MarquezProject / marquez

Collect, aggregate, and visualize a data ecosystem's metadata
https://marquezproject.ai
Apache License 2.0
1.78k stars 320 forks source link

Migrate `namespace` to be optional in `API` and `WEB` #2876

Open phixMe opened 3 months ago

phixMe commented 3 months ago

Currently, the endpoints for marquez all look along the lines of: http://localhost:5000/api/v1/namespaces/{namespace}/datasets/{dataset}

This means that namespaces are effectively mandatory when users are working with the api and thus the web contains a dropdown allowing users to select a namespace. This is not ideal for a few reasons:

  1. We either need to default a namespace (1st in the list) or force a user to select a namespace before anything else can be rendered.
  2. A user does not always know the namespace of a job or dataset they are looking for because many of the OL integrations (Spark, Airflow, etc...) assign these.
  3. A long list of namespaces is not going to be ideal since a MQ user with thousands of namespaces will need to scroll a long way and have application rendering degraded.
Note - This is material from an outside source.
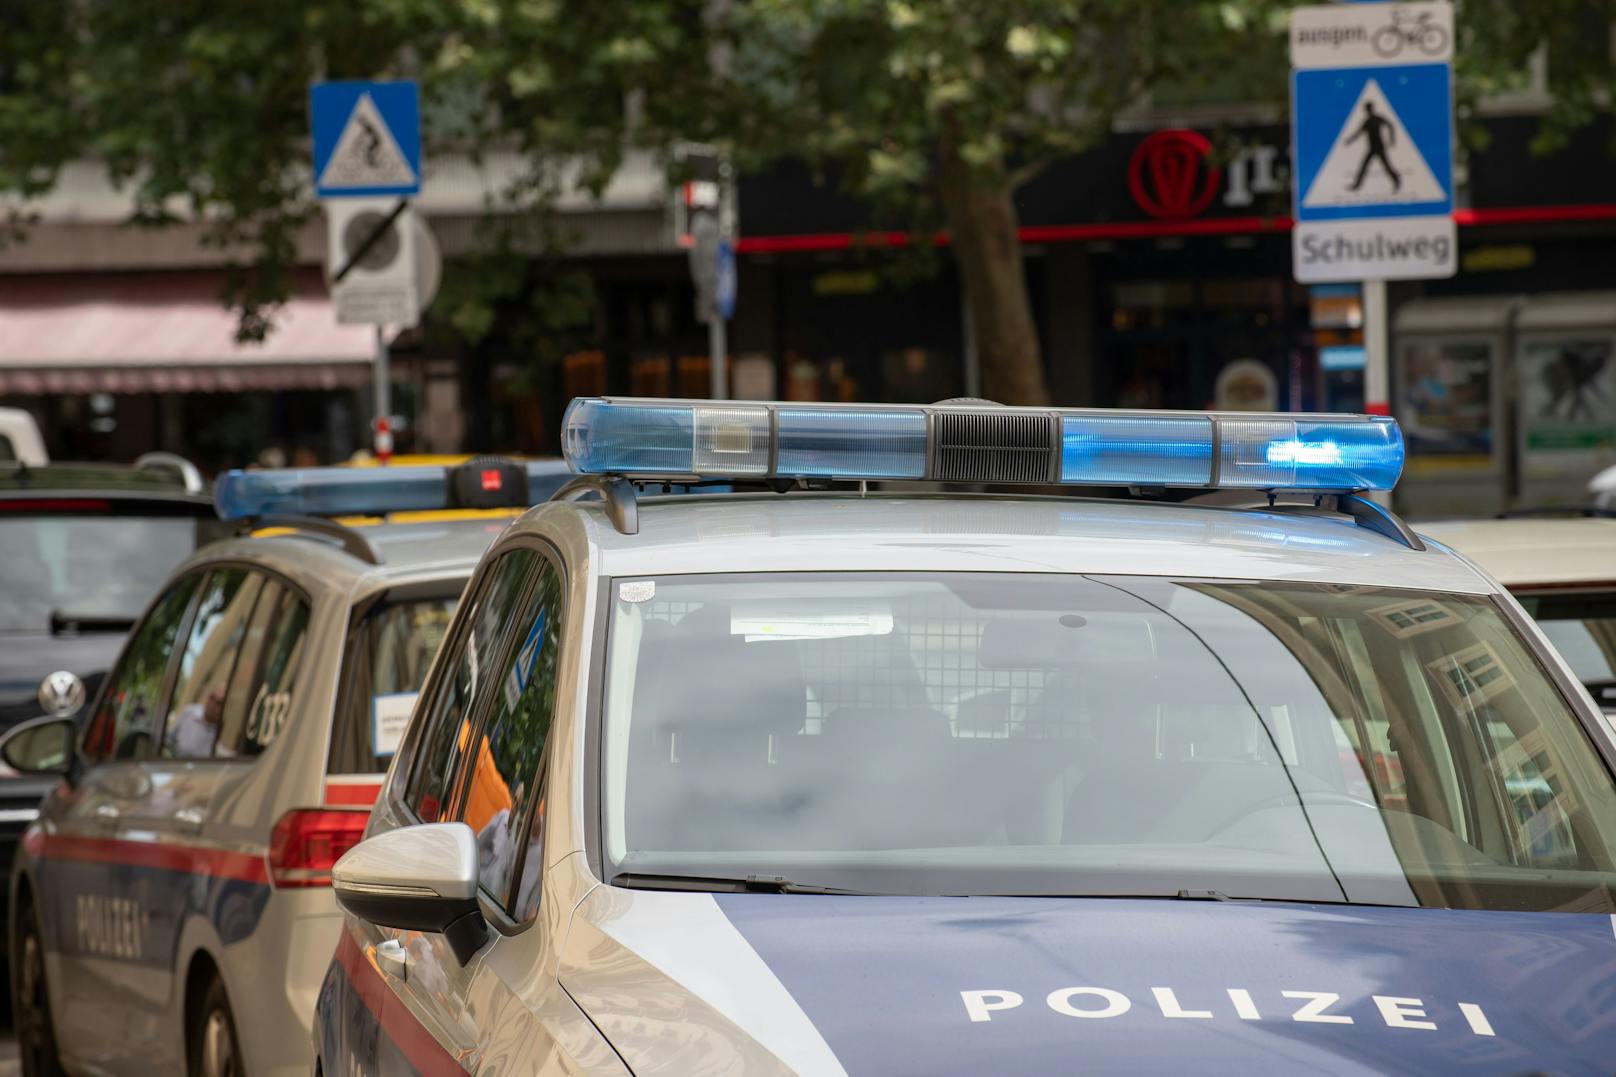 Polizei-Einsatz in Wien. (Archivfoto)

Therefore, we need to handle namespaces a little differently across the board to rectify these problems listed above.

Proposal

Migrate the format of the endpoints to use query parameters like below and then forward old formats to new formats for a few releases (or forever)

# OLD
http://localhost:5000/api/v1/namespaces/{namespace}/datasets/{dataset}
# NEW
http://localhost:5000/api/v1/datasets/{dataset}?namespace={namespace}

Update the web to just render all the jobs and datasets, paginated of course without regard to namespace. Include a namespace filtering mechanism with a typeahead select so that users with many namespaces can find there known namespaces and filter.

wslulciuc commented 1 month ago

0.50.0 release will allow for listing jobs without a namespace via GET /api/v1/jobs, see https://github.com/MarquezProject/marquez/pull/2930. We will be taking a similar approach for datasets.